Use shell I/O redirection instead of mprun -I options whenever possible. Using shell redirection will reduce the likelihood of problems involving standard I/O.

If mprun is signaled too soon after it has been invoked, it exits without stopping the job`s processes. If this happens, find out which processes are use mpkill -9 jid to kill such a job.

The CRE does not pass supplemental group ID information to remote processes. You must use the -G gid option with mprun to run with the group permissions of that group. You must be a member of that group.

RPC timeouts - CRE RPC timeouts in Sun MPI code are logged to syslog, but the default syslog.conf file causes these messages to be dropped. If you want to see these errors, you should modify your /etc/syslog.conf file so that messages of the priority user.err are not dropped. Note that this does not apply to RPC timeouts occurring in the CRE daemons themselves. By default, these are logged to /var/adm/messages.

Note -
If you have set the Cluster-level attribute logfile, all error messages generated by user code will be handled by the CRE (not syslog) and will be logged in a file specified by an argument to logfile.

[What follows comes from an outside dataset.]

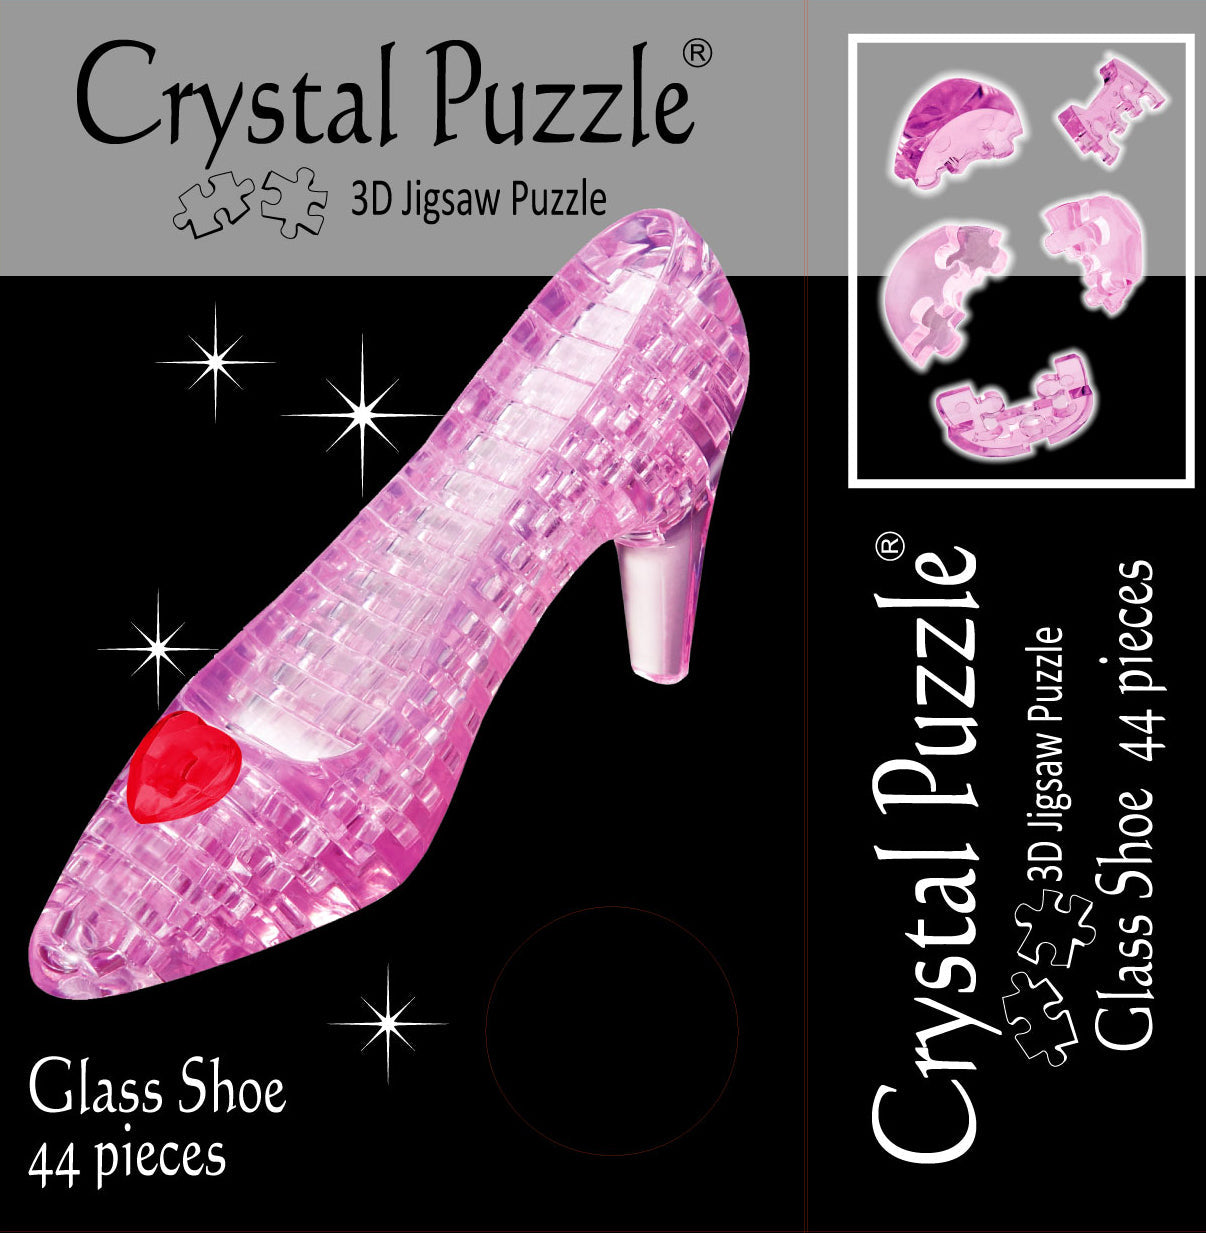 3D Pink Glass Shoe Crystal Puzzle

CRE RPC timeouts in user code are generally not recoverable. The job might continue to run, but processes probably won't be able to communicate with each other. There are two ways to deal with this:

Enable the tm.watchd job killing option (- Yk), which will automatically kill jobs when nodes go off line. This will catch most of these cases, since RPC timeouts usually coincide with tm.watchd marking the node as off line.

Monitor RPC errors from user codes by looking for syslog messages of priority user.err). Then use mpkill to kill the associated job manually.

If a file system is not visible on all nodes, users can encounter a permission denied message when attempting to execute programs from such a file system. Watch for errors caused by non-shared file system like /tmp, which exist locally on all nodes. This can show up when users attempt to execute programs from /tmp, and the program does not exist in the /tmp file systems of all nodes.

If the behavior of your system suggests that you've run out of swap space (after executing vmstat or df on /tmp), you may need to increase the limit on the CRE's shmem_minfree attribute.

If you execute mpkill with the -C option (this option is available only to the system administrator), you should look for and remove leftover files on the master node. The file names for large files are of the form:

/tmp/.hpcshm_mmap.jid.*

Smaller files will have file names of the form:

/tmp/.hpcshm_acf.jid.*

The Sun MPI shared memory protocol module uses these files for interprocess communication on the same node. These files consume swap space.